他和周容康还是有生意往来,那次是跟周容康前妻随便谈谈,她一席话说下来,他便不再插手,只冷眼旁观。
她聪明、青春热烈,在为一个小姑娘打抱不平,浑身都散发着夺人的光彩。他向来欣赏这样的女人。
江问朝夏茹走过去,才走了几步,夏茹突然站起身,他是沿着江边走,她侧脸被头发遮了起来,一步步朝那阶梯走下去。从江问的角度看到她的身影慢慢消失。心中奇怪,快步走到阶梯处,夏茹的下半身已经漫至水中,他不知她要做什么,只是抬手将司机叫了过来。

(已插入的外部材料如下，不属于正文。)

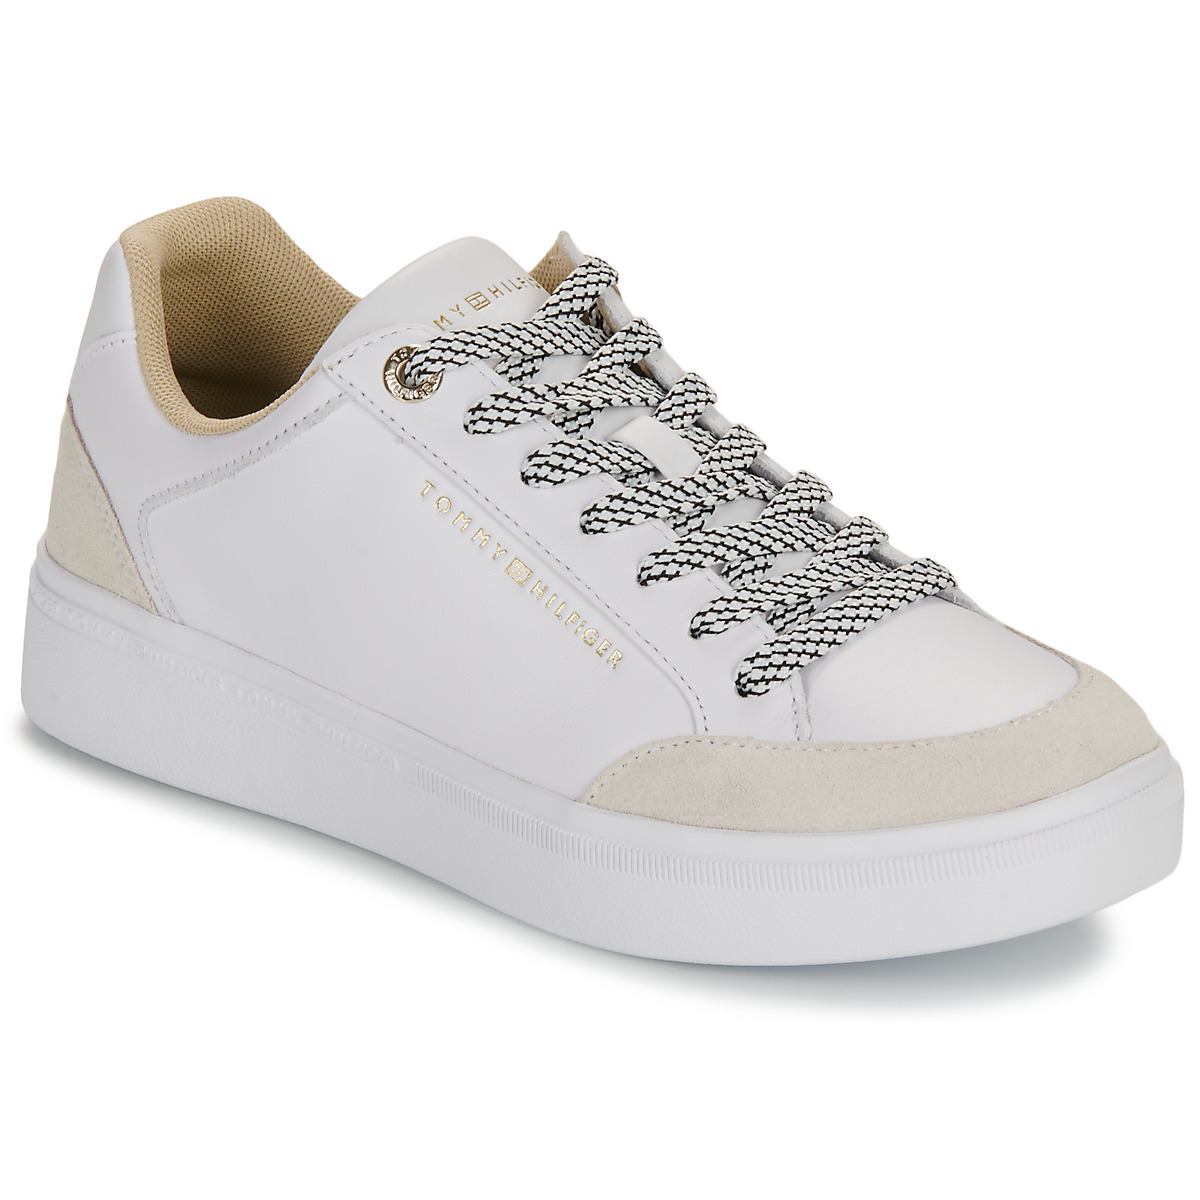 Chaussures Femme Baskets basses Tommy Hilfiger CUPSOLE SNEAKER

风把她的长发吹散,飘在到一边,又黑又顺,夏茹坚定不移的继续往下走,脚下一滑,她跌了下去。水包裹上来,非常温柔,却是致命的,就像那个男人,远看是极美好的,一旦注入生命,就是剧毒。
她一动不动,任身体下沉,她本能的屏住了呼吸,窒息的不适让她有一种近乎疼痛的快感。
氧气的消耗渐渐唤醒了求生的**,她不由自主张开嘴深呼吸,水灌进口鼻,肺部如火烧般的疼痛,升不上来,沉不下去,她挣扎着,没有着力点,恐慌和无助一如那些醒不过来的梦。

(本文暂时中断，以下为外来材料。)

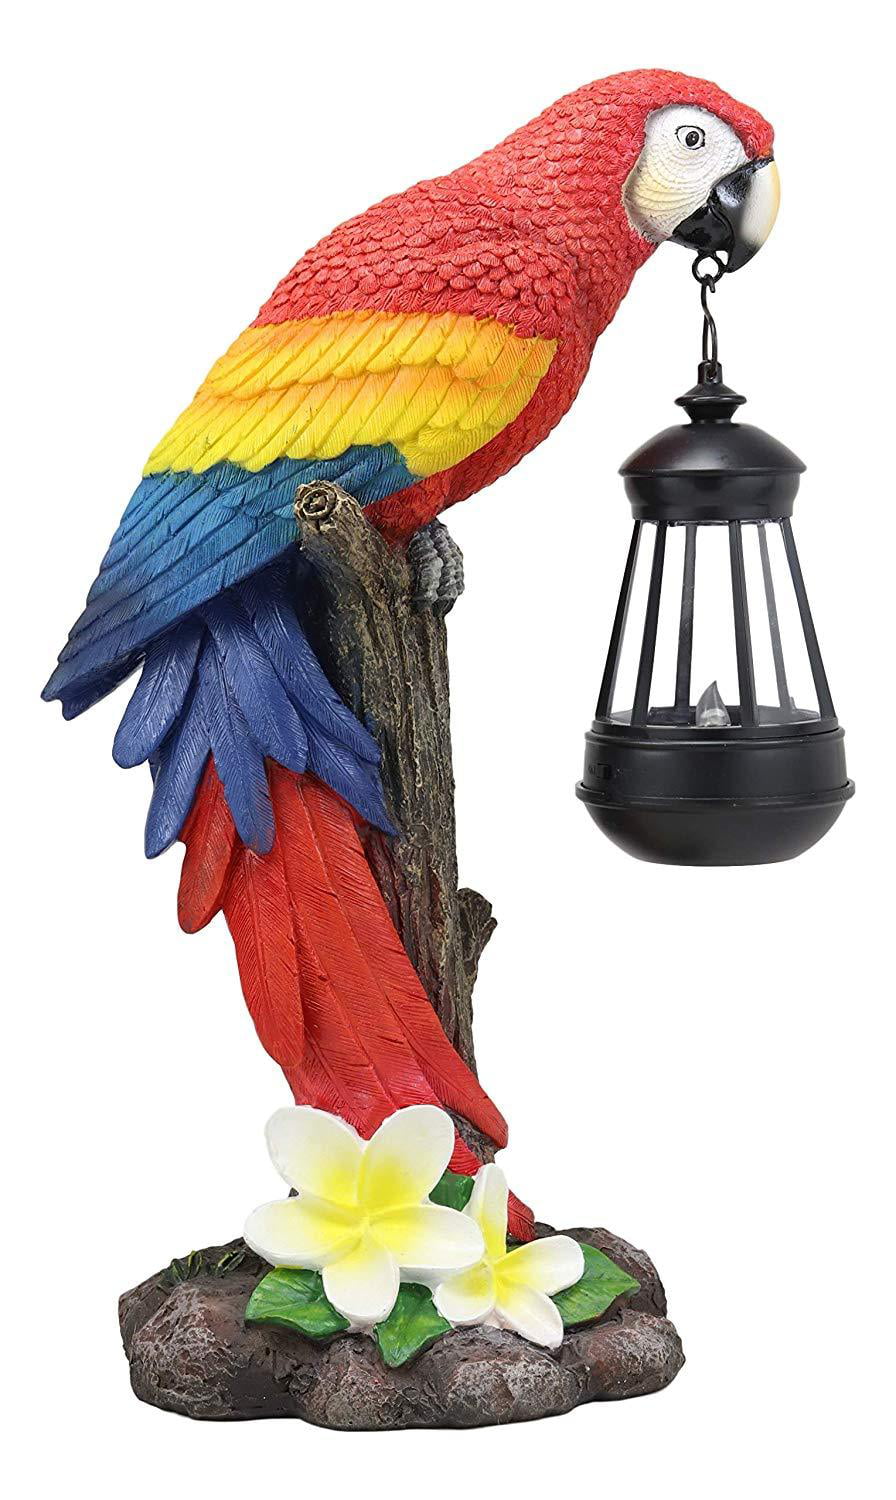 Ebros Gift 14" Tall Bird Red Scarlet Macaw Parrot Statue with Hanging Lantern

水大量的涌入身体,她张着嘴像鱼一样吞咽着喝水,脑中是炸裂般的疼痛,思想记忆都涣散成片段,散在脑中,偶尔在眼前划过一片,还有什么毕死亡更痛苦更绝望呢。她睁着眼透过水面看着变形的太阳投射下的光芒,下辈子,下辈子可以做一条鱼,就再也不怕这样虚无的空间,不用挣扎,可以肆意翱翔。但是,哪里还有下辈子呢?脑中最后一个念头停滞,涣散……
白默默和宋寒的婚礼几个月之后,有一次出席一个宴会,白默默脖颈上带着的一条水晶项链引起了陆云生的注意。陆云生快步走过来,紧紧盯着她的脖子。
默默莫名其妙的看着他,又怨愤的瞟了瞟身旁的宋寒,早上明明检查过了,不存在有什么可疑的痕迹啊。宋寒见了她的神情,自然知道她脑袋瓜里在想什么,唇边闪过一丝不易察觉的笑意,捏了捏她的手心,才对陆云生道:“这是她的新婚礼物。”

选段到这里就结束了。